The sampling protocol consists of two parts: the coordinator and the workers. A Web entity that receives service requests from remote entities acts as the coordinator. It synchronizes the distributed sampling of packets from/to the collaborating components that act as the workers.
Figures 5 and 6 present the skeleton of the protocol. One of the key data structures used is TimeVector. During sampling, each component maintains a TimeVector that records the numbers of packets (logical timestamps) it sends and receives. For component Ci, its vector is defined as Ti= (ti,0, ti,1, ..., ti,n) where ti,j in the vector represents Ci's observation on the number of packets sampled on component Cj participating in the multi-tier transaction. When sampling a packet, Ci increments Ti.ti,i by one. When sampling an outgoing packet, Ci tags Ti.ti,i on the packet, and sets the packet's local stamp to Ti.ti,i. When sampling an incoming packet from Cj, Ci sets Ti.ti,j to the tagged timestamp, i.e., Tj.tj,j, and sets the packet's local and remote stamps to Ti.ti,i and Ti.ti,j respectively.
For example, Figure 3 presents a scenario where C0, after receiving request m0, interacts with C1 and C2. To simplify the discussion, suppose that each message is contained in a single packet.
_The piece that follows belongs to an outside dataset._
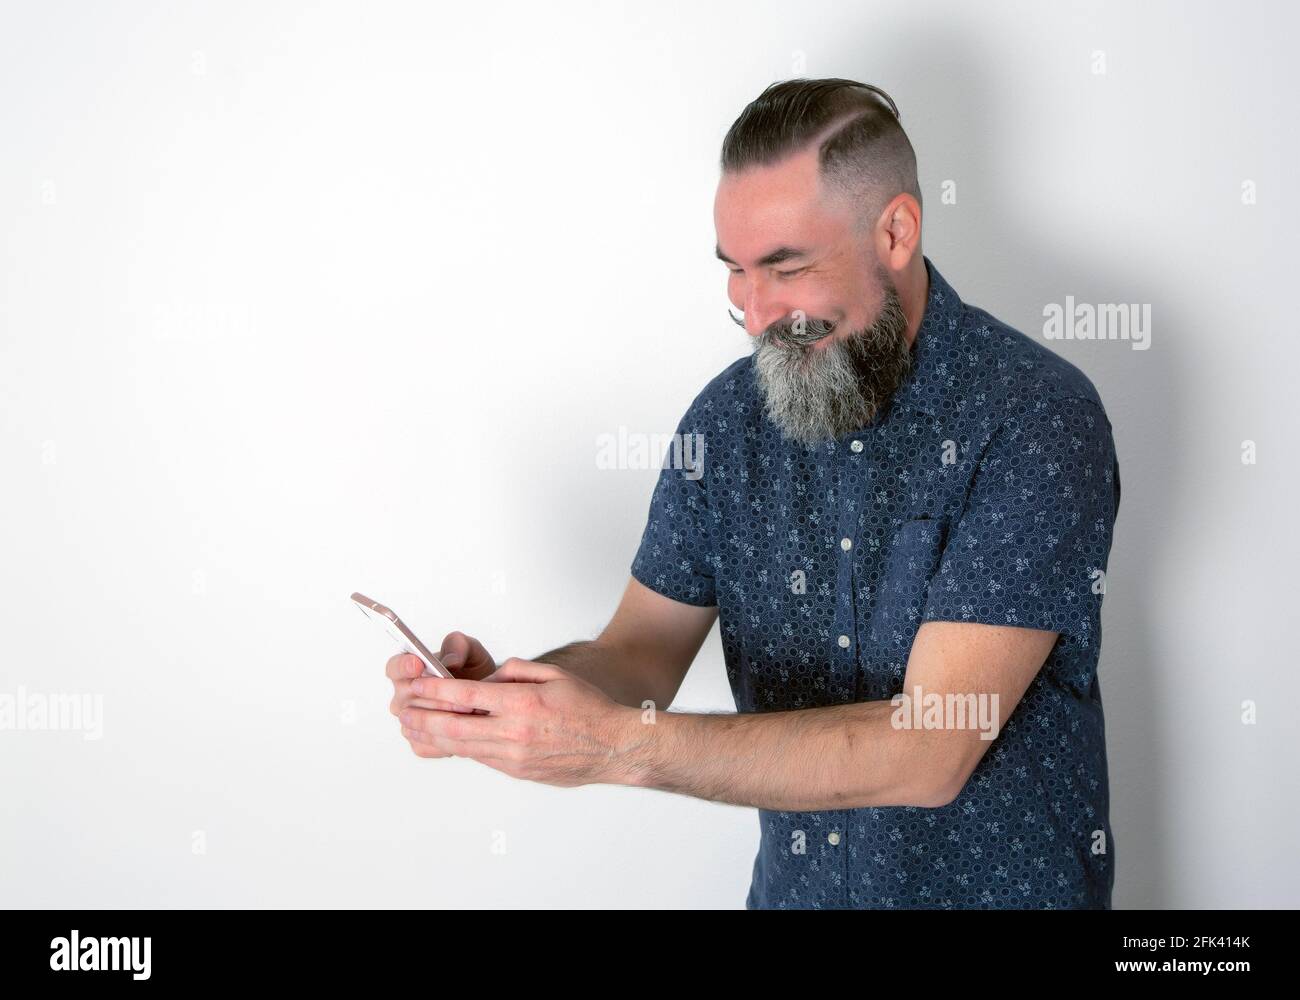 Caucasian 40 45 Year Old Bearded Hipster Looking At His Mobile Phone With A Happy And Laughing

When response m7 is sent back, the values in T0, T1, and T2 should be calculated as: T0 = (8, 4, 2), T1 = (5, 4, 0), T2 = (2, 0, 2).
According to the algorithm in Figure 5, the coordinator works as follows.
· When a sampling decision is made, waits for the first packet of a new session with a client, and initiates a new round of sampling.
· Samples and time-stamps, based on the pairs of IP addresses and port numbers, the incoming packets until the corresponding request message is retrieved.
· Retrieves the service/operation pair from the request, and looks up the correlation table for the subcomponents to be interacted.
· Resets and updates the local time vector according to the packets sampled.
· Sends its sub components the marker messages that flush the communication channels, and informs the start of the distributed sampling.
· Samples a packet if it is from or to the interacted subcomponents or the requesting client, then updates the local time vector.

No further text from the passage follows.